Mise à jour 12 décembre :
Après plusieurs jours de travail, Beeper a trouvé un moyen de rallumer Beeper Mini, qui permet de nouveau de se faire passer pour un iPhone auprès des serveurs d’Apple. Seul changement notable : il faut désormais se connecter à un compte Apple, alors que la promesse initiale était de se contenter d’un numéro de téléphone. La réaction d’Apple est fortement attendue, la marque devrait probablement bloquer Beeper dans les prochains jours. En attendant, Beeper a décidé de ne pas faire payer pour son application.
Article original, publié le 11 décembre :
En Europe, le scandale Beeper/Apple est très anecdotique. Dans un territoire où WhatsApp et Messenger règnent en maîtres sur le monde des messageries, les discussions entre les iPhone et les smartphones Android ne posent aucun problème. En France, iMessage est perçu comme une fonction cool, mais n’est en rien indispensable. La plupart des conversations de groupe n’ont pas lieu dans l’application d’Apple.
Aux États-Unis, la donne est différente. Les Américains utilisent majoritairement les iMessage, les SMS et les RCS, puisqu’ils ne sont pas friands des applications de messagerie tierces. En résultent de longs et ennuyeux débats depuis plusieurs années sur la nécessité de forcer Apple à déployer iMessage sur Android… Les bulles bleues d’iMessage sont même devenues un différenciateur social, puisque les personnes avec des bulles vertes subissent du harcèlement.
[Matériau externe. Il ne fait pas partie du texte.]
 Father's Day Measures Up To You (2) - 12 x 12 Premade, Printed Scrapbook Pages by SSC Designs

En décembre 2023, Beeper a annoncé le déploiement d’une nouvelle application nommée Beeper Mini, qui permet aux propriétaires d’un smartphone Android d’installer iMessage sur leurs appareils, grâce à une ruse qui permet de piéger les serveurs d’Apple. Beeper pensait sa méthode infaillible et indiquait qu’Apple ne pourrait rien faire, mais il s’est trompé. Quelques heures après son annonce, Apple a bloqué Beeper, qui continue de jouer au chat et à la souris pour tenter de se sauver.
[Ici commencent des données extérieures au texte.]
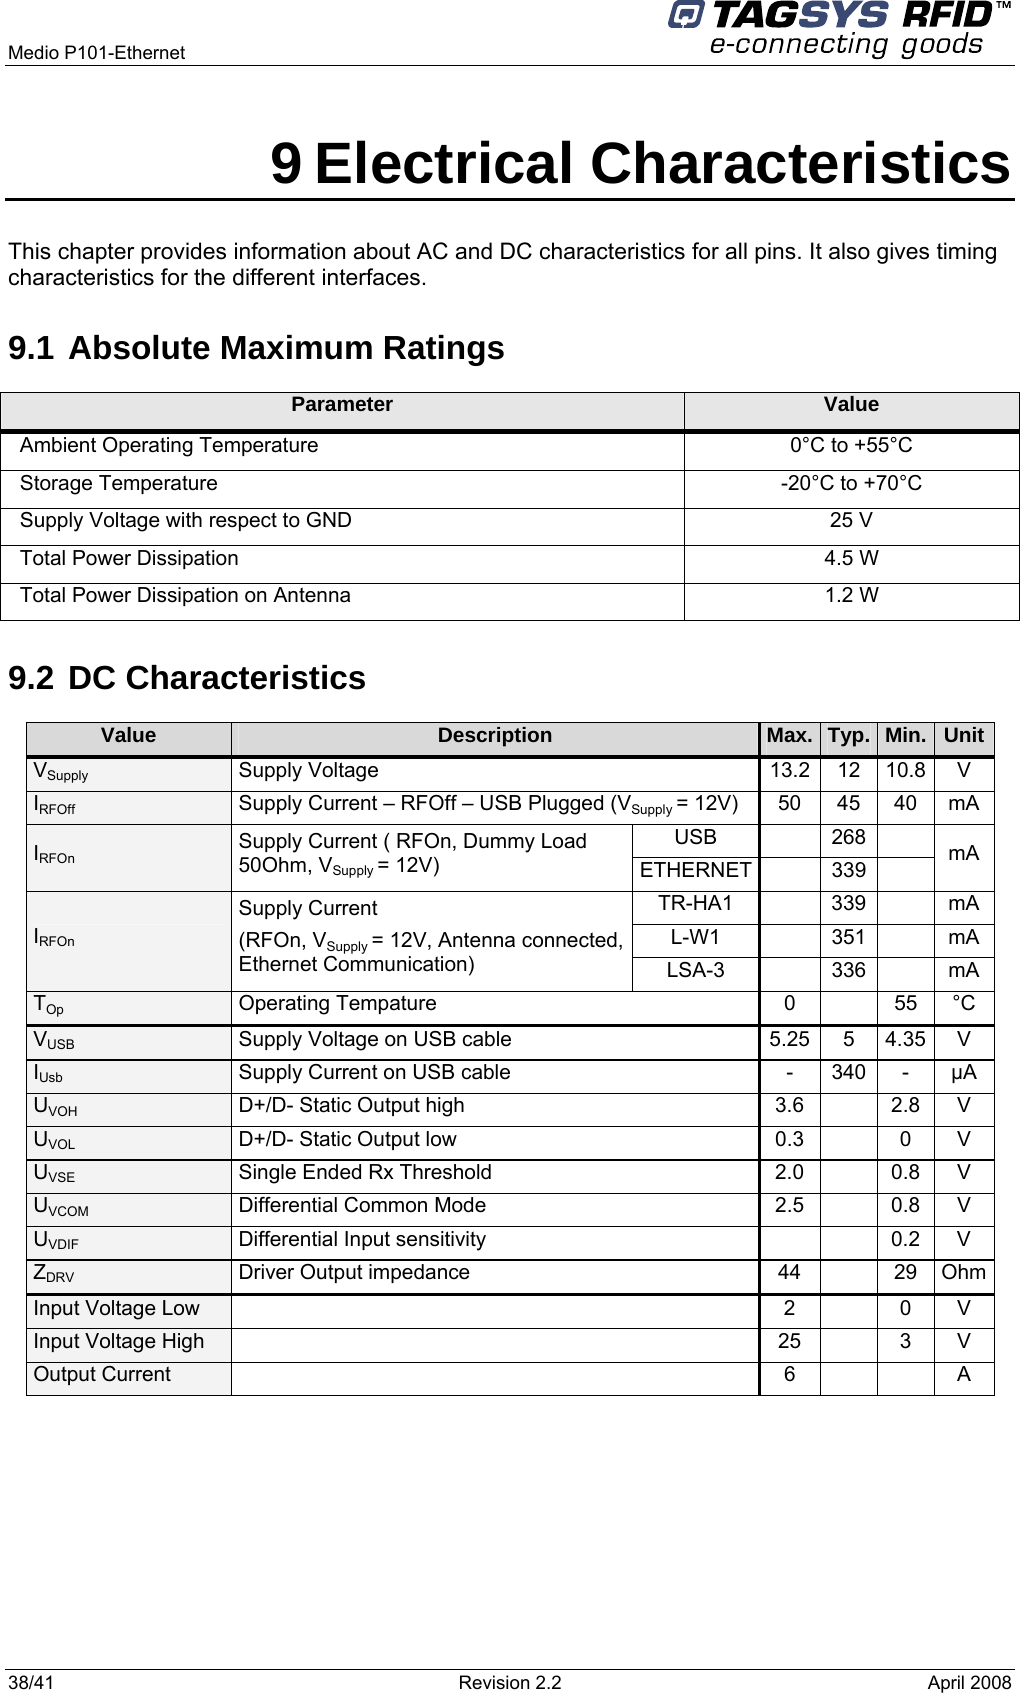   Medio P101-Ethernet 38/41  Revision 2.2  April 2008 9 Electrical Characteristics This chapter provides information about AC and DC characteristics for all pins. It also gives timing characteristics for the different interfaces. 9.1 Absolute Maximum Ratings Parameter  Value Ambient Operating Temperature   0°C to +55°C Storage Temperature  -20°C to +70°C Supply Voltage with respect to GND  25 V Total Power Dissipation   4.5 W Total Power Dissipation on Antenna  1.2 W  9.2 DC Characteristics Value  Description  Max.  Typ.  Min. UnitVSupply  Supply Voltage  13.2  12  10.8 V IRFOff  Supply Current – RFOff – USB Plugged (VSupply = 12V)  50  45  40  mA USB  268  IRFOn Supply Current ( RFOn, Dummy Load 50Ohm, VSupply = 12V)  ETHERNET  339  mA TR-HA1     339    mA L-W1  351  mA IRFOn Supply Current  (RFOn, VSupply = 12V, Antenna connected, Ethernet Communication)  LSA-3  336  mA TOp  Operating Tempature  0    55  °C VUSB  Supply Voltage on USB cable  5.25  5  4.35 V IUsb  Supply Current on USB cable  -  340  -  µA UVOH  D+/D- Static Output high  3.6    2.8  V UVOL  D+/D- Static Output low  0.3    0  V UVSE  Single Ended Rx Threshold  2.0    0.8  V UVCOM  Differential Common Mode  2.5    0.8  V UVDIF  Differential Input sensitivity      0.2  V ZDRV  Driver Output impedance  44    29  OhmInput Voltage Low    2    0  V Input Voltage High  25  3 V Output Current  6   A

Beeper Mini se fait passer pour un iPhone
Beeper Mini n’est pas la première application qui apporte iMessage sur Android, mais elle est la première à le faire de cette manière.
Jusqu’à aujourd’hui, des applications comme Sunbird, Nothing Chats ou même Beeper permettaient d’accéder à ses iMessage sur Android grâce à un Mac-relai sur lequel était configuré un compte Apple. Une méthode efficace, mais pas fiable. En cas de piratage des serveurs de ces applications, un hacker aurait pu accéder à l’intégralité des comptes Apple inscrits aux services concernés.
Avec Beeper Mini, commercialisé depuis le 5 décembre au tarif de 2,29 euros par mois, Beeper pensait avoir trouvé la solution parfaite.
Au lieu d’accéder à iMessage depuis un autre appareil, le service utilise une ruse pour se faire passer pour un iPhone auprès des serveurs d’Apple. Ce n’est pas le compte Apple qui sert à émuler iMessage, mais le numéro de téléphone du smartphone Android. Puisque les serveurs d’Apple sont aveuglés par cette ruse, ils ne peuvent pas faire la distinction entre un Samsung ou un iPhone… Résultat : iMessage est disponible dans son intégralité sur Android, avec quasiment aucun risque de se faire prendre. Beeper imaginait qu’Apple n’oserait pas supprimer des accès iMessage, alors qu’il pourrait s’agir de vrais utilisateurs.
Chiffrement de bout en bout, conversations de groupe, indicateurs de frappe, accusés de réception… Beeper Mini imite iMessage parfaitement. Même son interface est identique. Beeper, qui détaille tout son procédé sur son site, a aussi inventé un équivalent aux notifications push d’Apple, pour continuer de recevoir des iMessage quand l’application n’est pas ouverte. Tout semblait parfaitement pensé.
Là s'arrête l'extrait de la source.